動物を引き取った後の想像は難しい
前回、動物を引き取らない理由を書きました。
今回は更にプラスして書いておくべきことを記します。
前回の記事はこちら
ケアマネさんの視点
引き取って欲しいと依頼をしてくれる福祉従事者さん(主にケアマネさん)は、動物がいなくなれば問題は解決すると考えています。
動物がいなければ入院がスムーズにいく、引っ越しできる、家がきれいになる等。
確かに私よりも飼い主とその生活について把握しているのはケアマネさんです。そのうえで動物を手放せばうまくいくように思うのはよくあることです。
ただ、動物がいなくなったあとに何が起こるかを知っているのは私です。
やまがたの責務
では何が起こるのでしょうか。
精神的ショックと身体の衰えです。
ペットがいなくなることの喪失感は、予想以上に大きいです。
それが野良猫だったとしても、自分で引き取って欲しいと依頼したとしても、その喪失感は本人の予想以上に大きいものです。
結果的に生きがいを失ったといっても過言ではない状態まで落ち込んでしまいます。
脳や身体を動かすことも極端に減ります。
特に高齢者の場合、動物の世話をして、動物を撫でるというルーチンワークがなくなると運動機能が極端に落ちます。
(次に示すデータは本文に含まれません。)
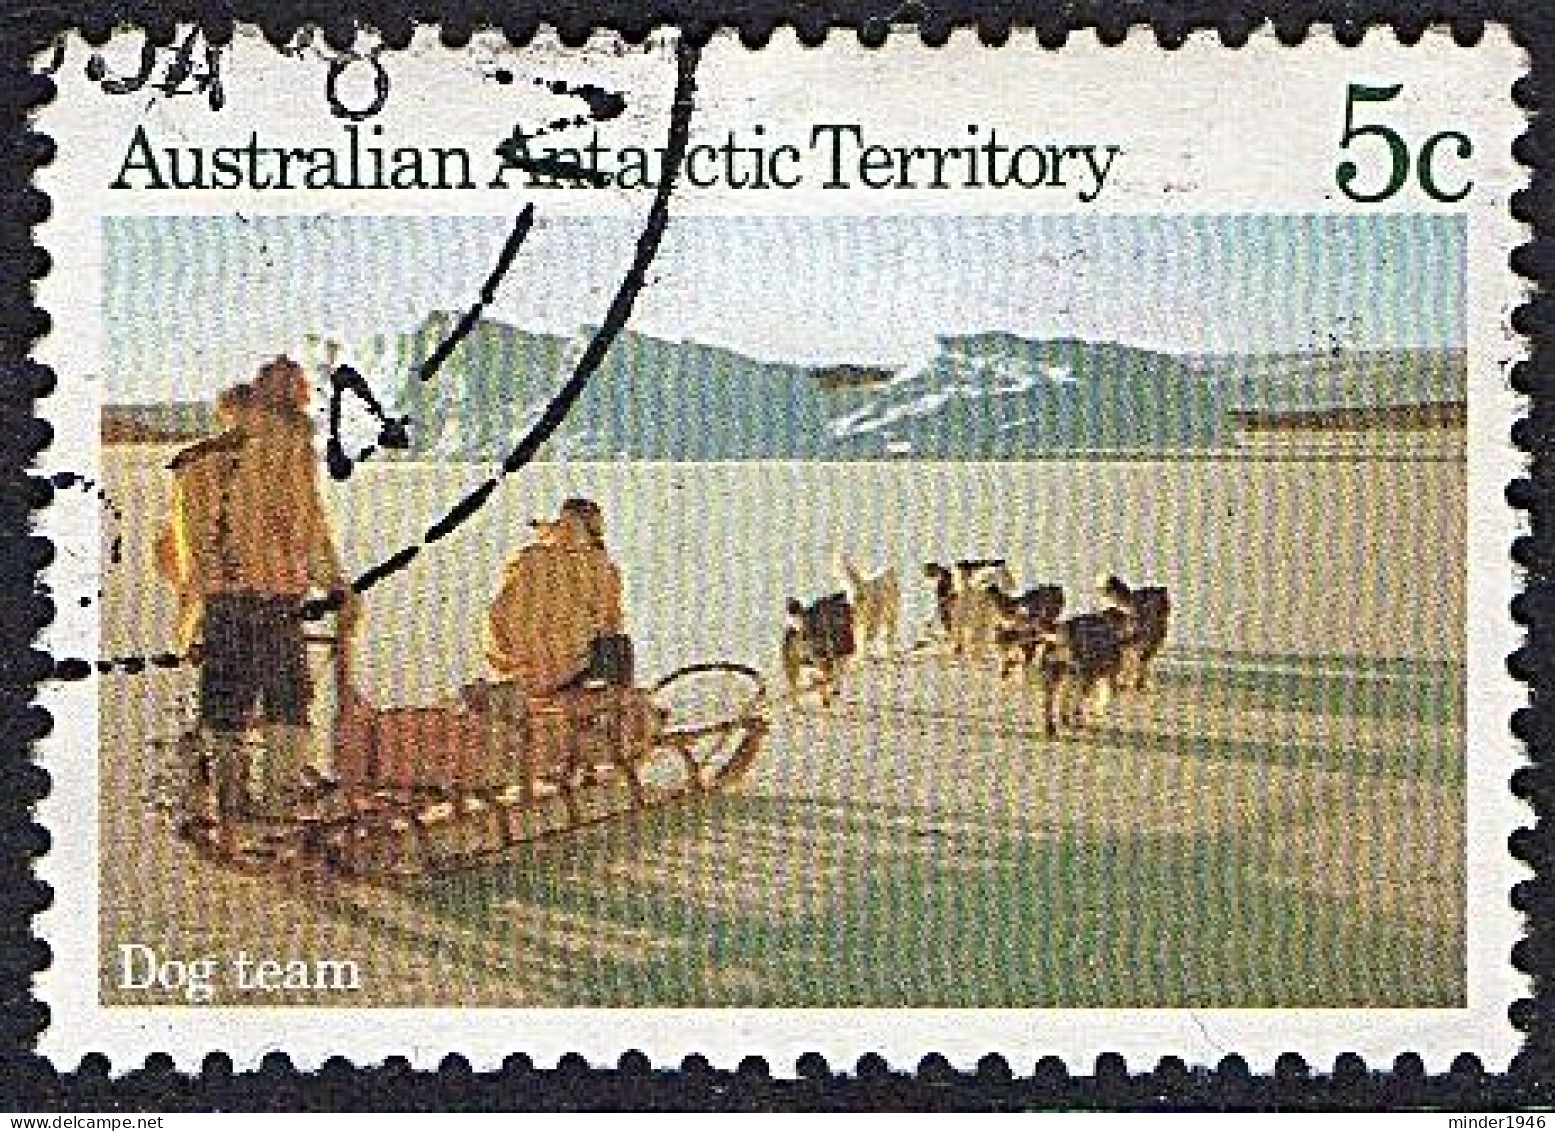 AUSTRALIAN ANTARCTIC TERRITORY (AAT) 1984 QEII 5c Multicoloured, Scenes-Dog Team SG64 FU - Oblitérés

筋肉も落ち、筋肉の衰えは身体機能の衰えと健康寿命の短縮の原因になります。
エサを買わなければ、散歩をしなければと考えることはなんだかんだ頭の体操にもなっています。それも減ります。
心身の衰えにより認知症は進み、覇気もなくなってしまいます。
まさにQOLの低下になります。これは担当ケアマネさんも飼い主本人も予測できていない未来です。
まさか動物がいなくなるだけでこんなに変わってしまうとは。
なので、引き取り依頼の相談があった場合はこの話を必ずさせていただきます。
それが「動物がいなくなった後に何が起こるか」を知っている私の責務だと考えているからです。
ではどうするか
もう飼えないと宣言する飼い主に無理して飼わせることは、人も動物も不幸になります。なので私は原則引き取り依頼は受けるべきと考えています。
ただ、私が介入することでもう少し上手に飼うことができるようになることがあります。手放すしかないと考えていたけど、こうやればいいんだとわかってもらえることがあるということです。
こうなると動物も人もQOLがあがります。
介入して飼い方等を改善していく中で、本当に飼うことができなくなった時の話をしておくようにもしています。
ここまで来てから引取りの話をすることで、引き取ったあとのことについても話すことができます。
ケースバイケース
実際にはどっちが正解かはケースバイケースです。
すぐに引き取って動物が福祉現場からいなくなることが正解のこともあります。
私が介入して助言することで、動物を適正に飼い続けることができるようになる可能性もあります。
どちらが正解かは、福祉現場をみて、飼い主の心情を読み、飼い主とケアマネと私で話しあわないと見えてきません。
相談をくれるケアマネさんの中には、猫を飼うことがストレスになっていることもありますよね!?と少し切れ気味で引き取ってもらえないことに納得できない方もいます。
そのような方にも私の経験からくる提案を理解していただけるように私も成長しなければなりませんね。
実例
入院するから犬を引き取って欲しいとケアマネさんから相談のあったケースを紹介します。
初見で引き取りの相談だったので、すぐに引き取らずにいました。
その後、入院中は近所の方が世話をしてくれることになっていました。(入院中の犬をどうにかしたいという相談なら当院も力になれます)
入院中の飼い主は「早く退院して犬と生活がしたい」と口にして入院生活を頑張っていることがわかりました。
ケアマネさん最初の相談で私が犬を引き取っていたら、飼い主はどうなっていたでしょうか。
一応言っておきますが、これはケアマネさんが悪いわけではありません。動物がいて入院ができないからどうにかしたいと思って相談をいただいたので、それも飼い主の健康福祉を考えたうえでの行動だったはずです。
ただ、このケースにおいてその要求は結果的に不正解だったのは間違いないです。
動物がいなくなった先になにが起こるかを想像するのは難しいです。
飼い主が退院してきたときには、次に飼うのが難しくなった場合の準備をするように促すことが重要です。
入院という有事の際に、飼い主もこれからのことを改めて考えているからです。
次、何かあったら山形さんよろしく、となるかもしれない。
実は一緒に可愛がってくれていた近所の人がいるかもしれない。
そうやって準備を進めることも可能になるのです。